Reddit, now a publicly traded company, has found one of its primary revenue streams in licensing its content to AI firms in exchange for compensation. Among those that have formal agreements to access Reddit’s data are Google and OpenAI. However, some companies have attempted to covertly extract data without remuneration.
Recently, Reddit filed a lawsuit against the artificial intelligence firm Anthropic, accusing it of using Reddit data to train AI models without proper authorization. Reddit contends that this unlicensed use for commercial purposes constitutes a violation of its user agreement.
Notably, the lawsuit sheds light on questionable practices by certain AI companies. Anthropic is alleged to have ignored Reddit’s robots.txt
directives—a file explicitly instructing web crawlers not to access specified content—yet still proceeded to scrape the platform’s data.
The controversy surrounding data scraping by AI companies has intensified in recent months. A significant number of firms reportedly disregard such protocol files and subject websites to high-frequency scraping, often likened to DDoS-style attacks, leaving many site administrators overwhelmed.

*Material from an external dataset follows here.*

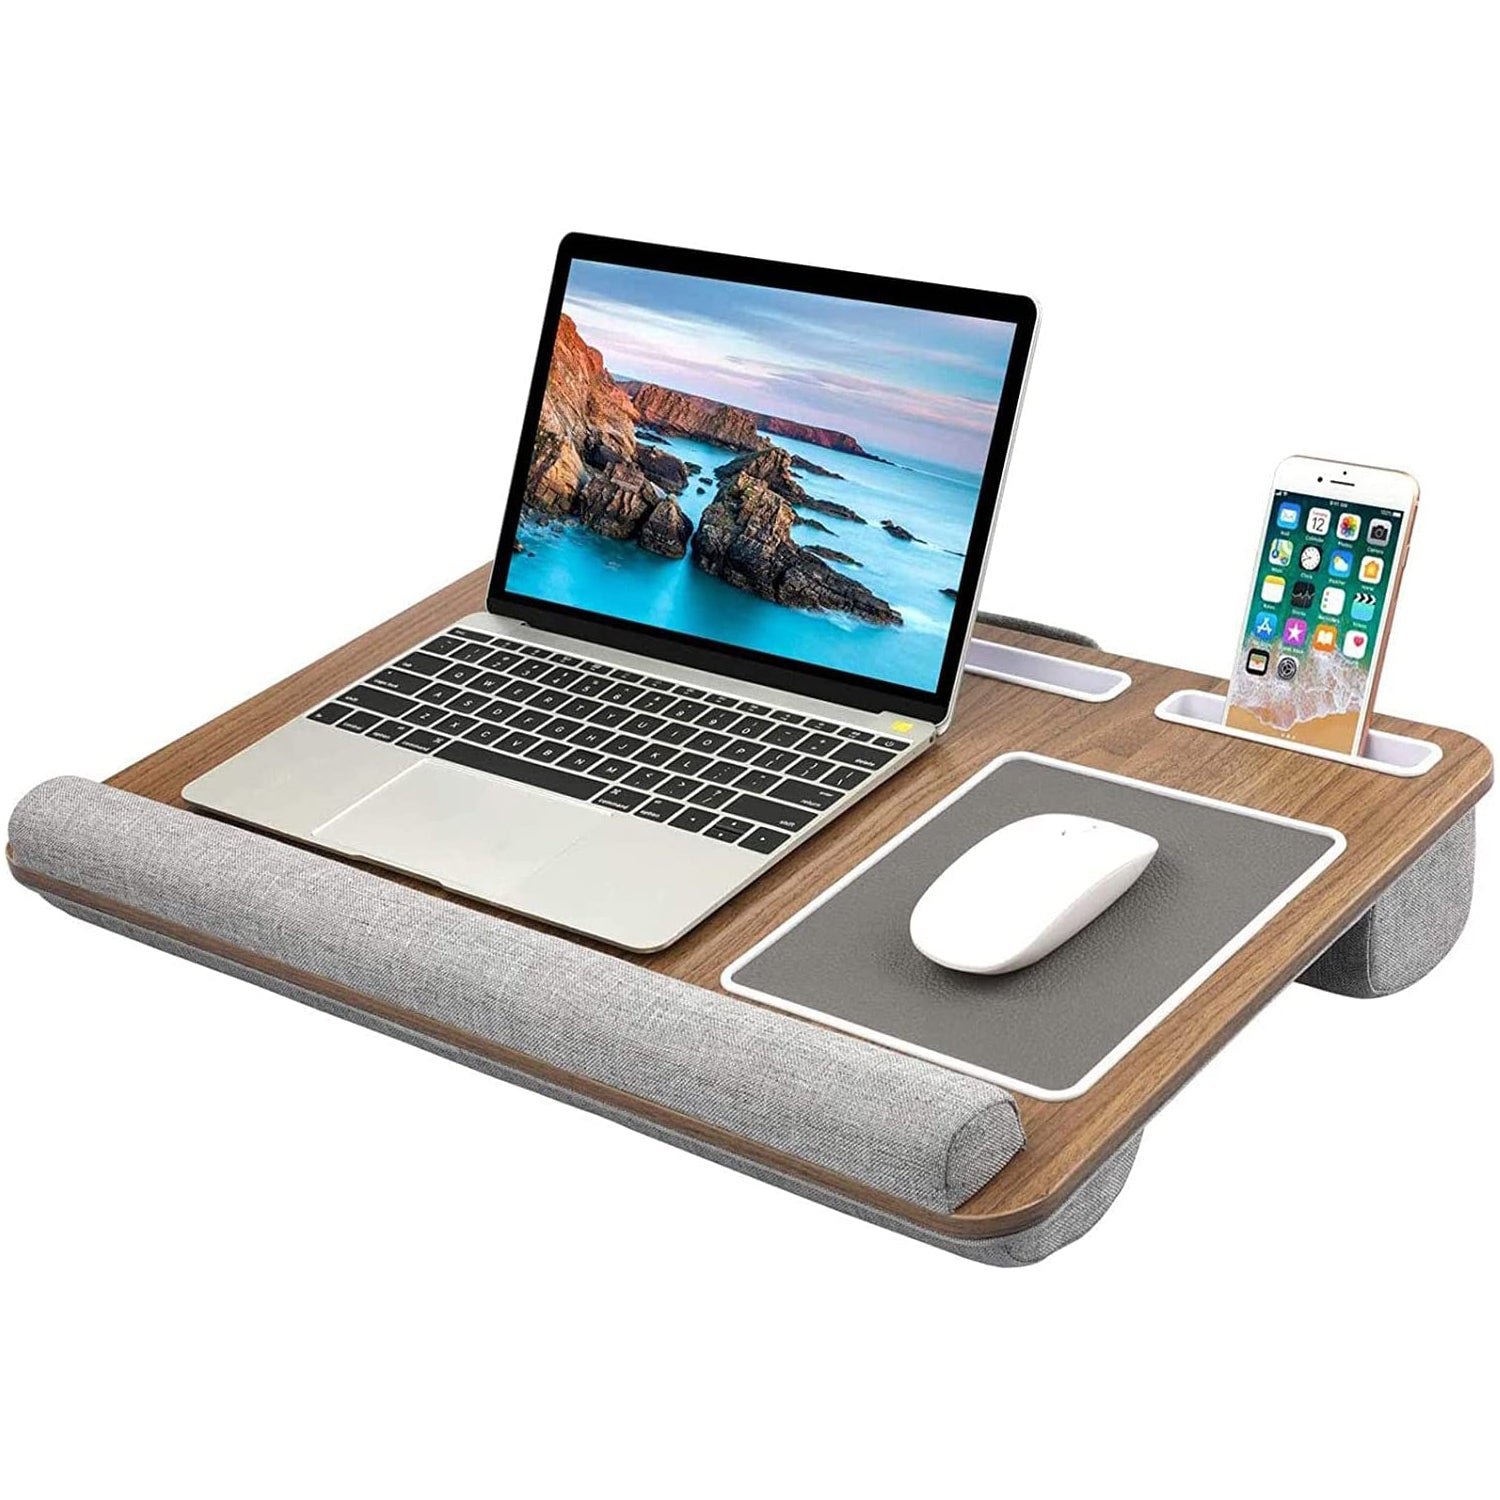 http://www.huanuo.com/cdn/shop/products/HUANUO-Lap-Desk---Fits-up-to-17-inches-Laptop-Desk_-Built-in-Mouse-Pad-_-Wrist-Pad-for-Notebook_-MacBook_-Tablet_-Laptop-Stand-with-Tablet_-Pen-_-Phone-Holder---HNLD6-0.jpg?v=1668512567
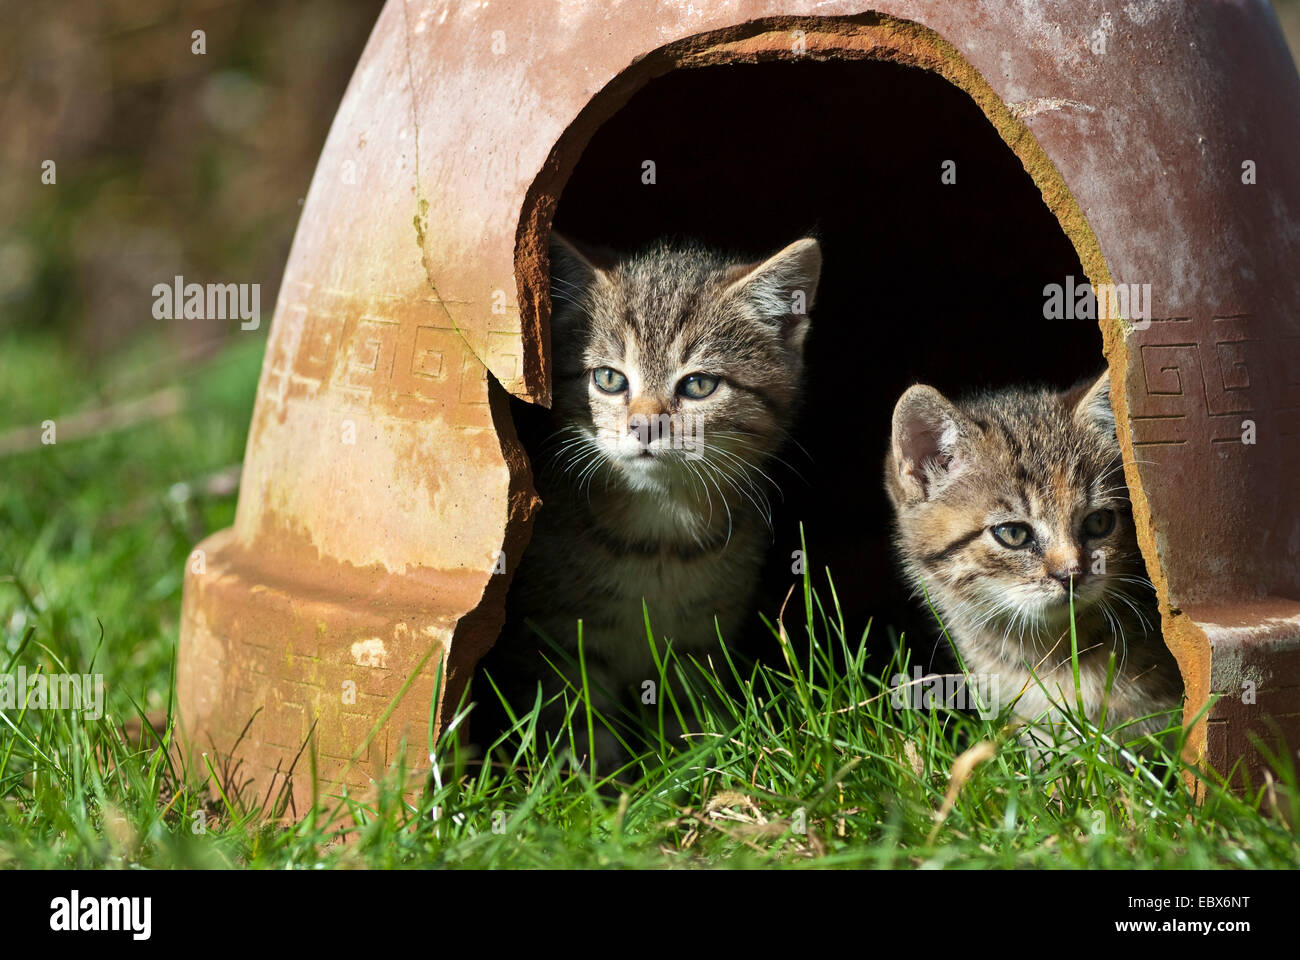 domestic cat, house cat (Felis silvestris f. catus), two kittens looking out from under a clay pot with a hole standing upside down, Germany Stock Photo

Furthermore, Reddit claims it previously attempted to negotiate a data licensing agreement with Anthropic, clearly communicating that unauthorized scraping and use of content would breach its terms. However, Anthropic declined to pay or enter into any formal contract.
In response, Reddit is seeking financial restitution for the profits Anthropic allegedly gained through illicit access to its content. The company is also petitioning the court for an injunction to prohibit Anthropic from continuing to use any Reddit material.
Anthropic has yet to issue a detailed response to the lawsuit but has stated that it disagrees with Reddit’s assertions and intends to vigorously defend its position.